What are these strange stirrings in our hearts, these questions and fears and desires that provoke us and set us hankering after God? Where do they lead us? And what do we do about them?  Sarah and Abraham wondered, I sat in religion class in college and wondered, I stood on a dark cabin in the mountains of Virginia and wondered, I still wonder.  And it comes to me, now and again, a like the flash of a star across a summer sky:  Faith is the assurance of things hoped for.  It is what enables us to look up at the vast and starlit sky, facing the fearful, awesome questions of life and death.
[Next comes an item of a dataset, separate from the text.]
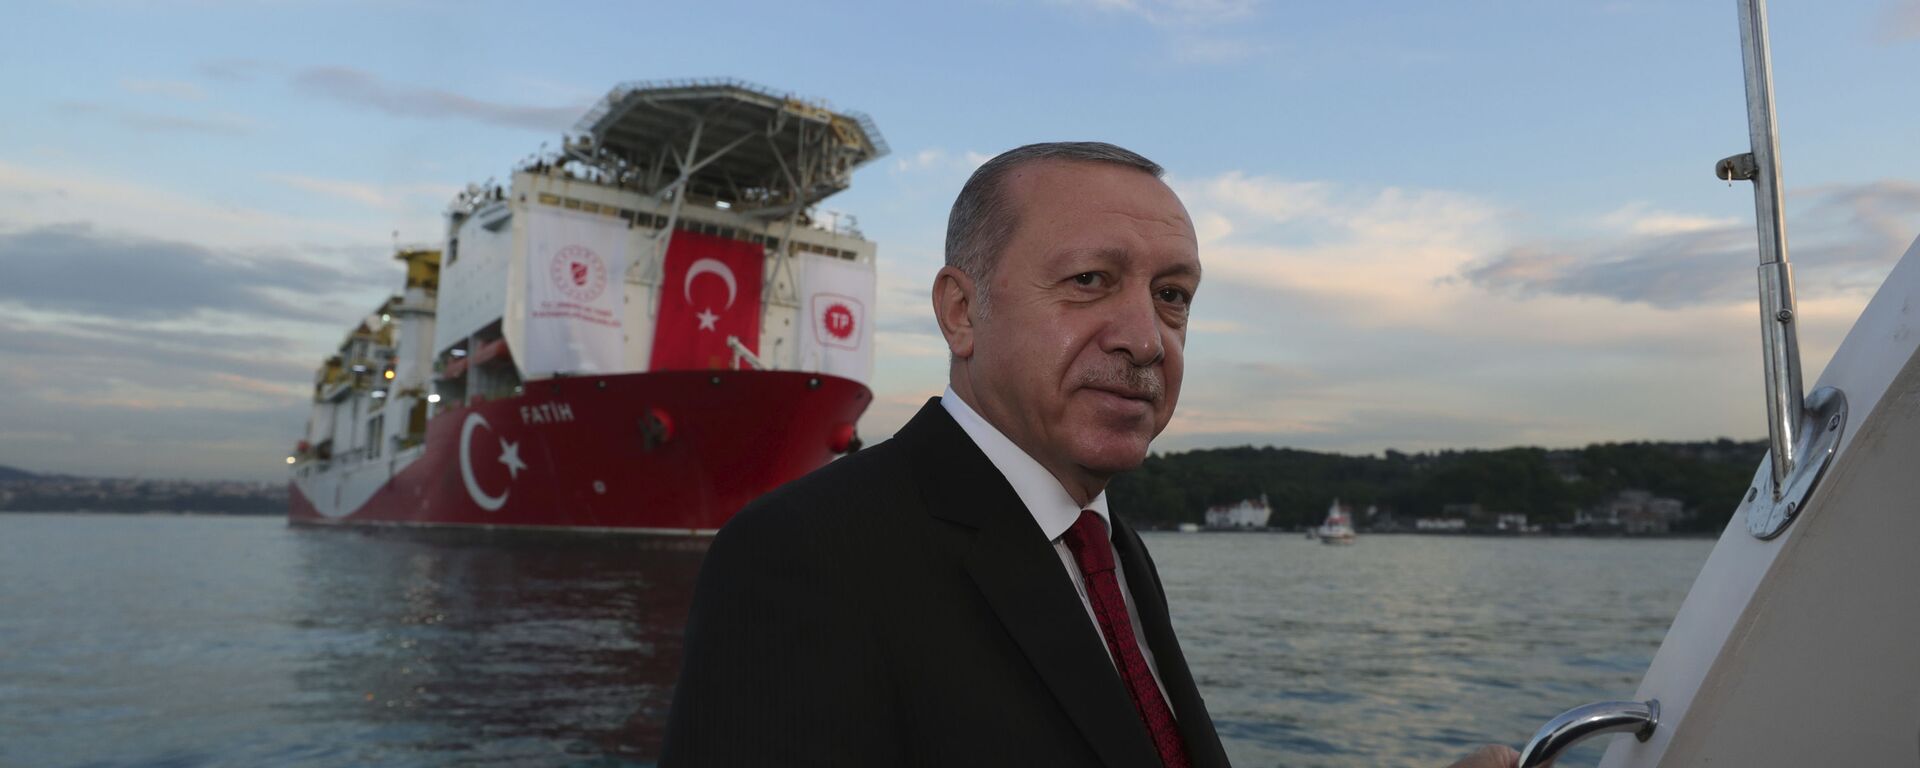 Президент Турции Реджеп Тайип Эрдоган на фоне турецкого корабля «Фатих» (29 мая 2020). Стамбул  - Sputnik Армения, 1920, 28.10.2021
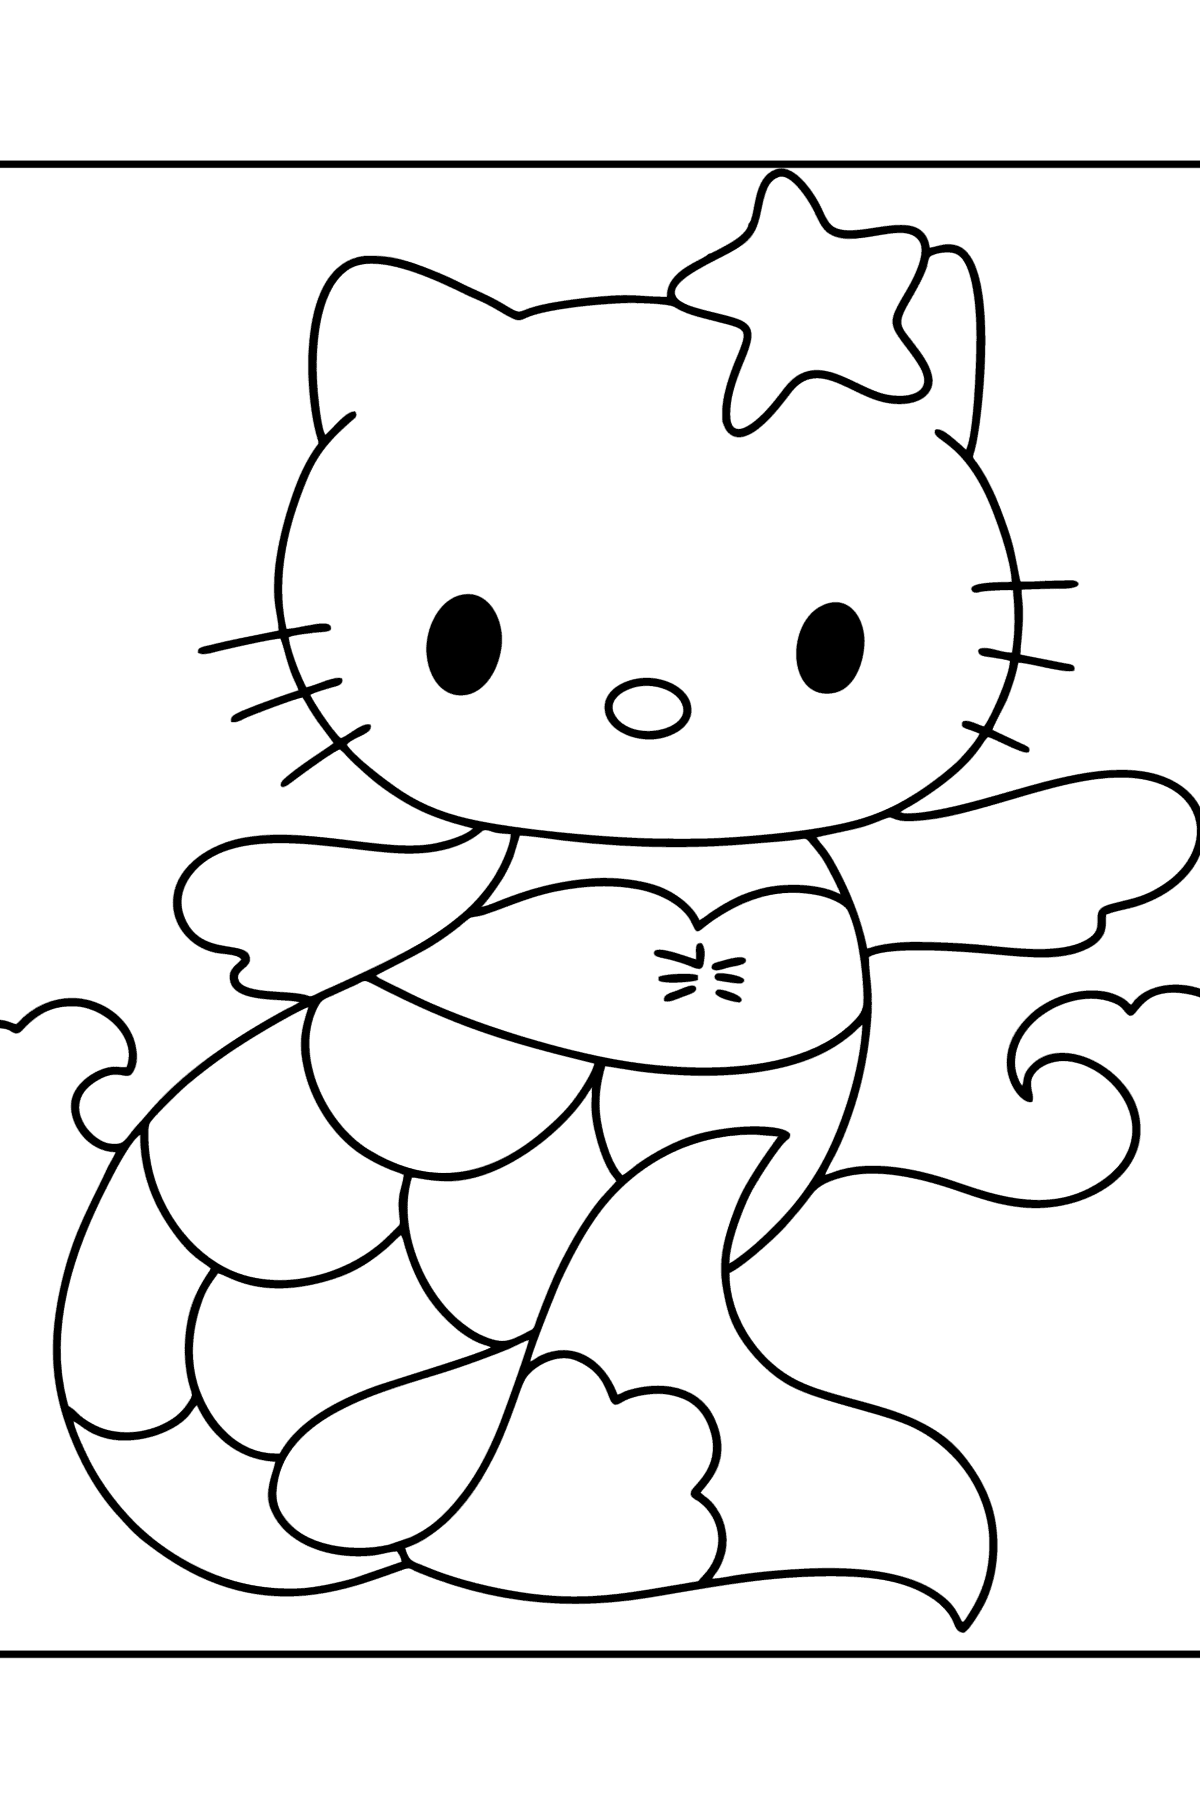 Tegning til farvning Hello Kitty havfrue - Tegninger til farvelægning for børn

Faith is what enabled Abraham to count the stars and believe his descendants would outnumber them. It is what enables us to bury those we love and know in our hearts that death is not the final say.  It is what helps us face the bad diagnosis and the failing health.  Faith is knowing that we can not be certain, but we can keep our eyes wide open. Faith is what carries us safely past the point of no return. Faith is what helps us to get up and face another day, to grieve the death, to mourn the loss, to pick up the shattered pieces, to know that God is fully present in the sultry darkness that closes in around us.  Faith is what enables a cabin full of scared, homesick little ten year old girls to sing out in the night, their voices as high and strident as the insects hidden in the trees:  “Day is done, gone the sun, from the lake, from the hills, from the sky, all is well, safely rest, God is nigh.” Amen.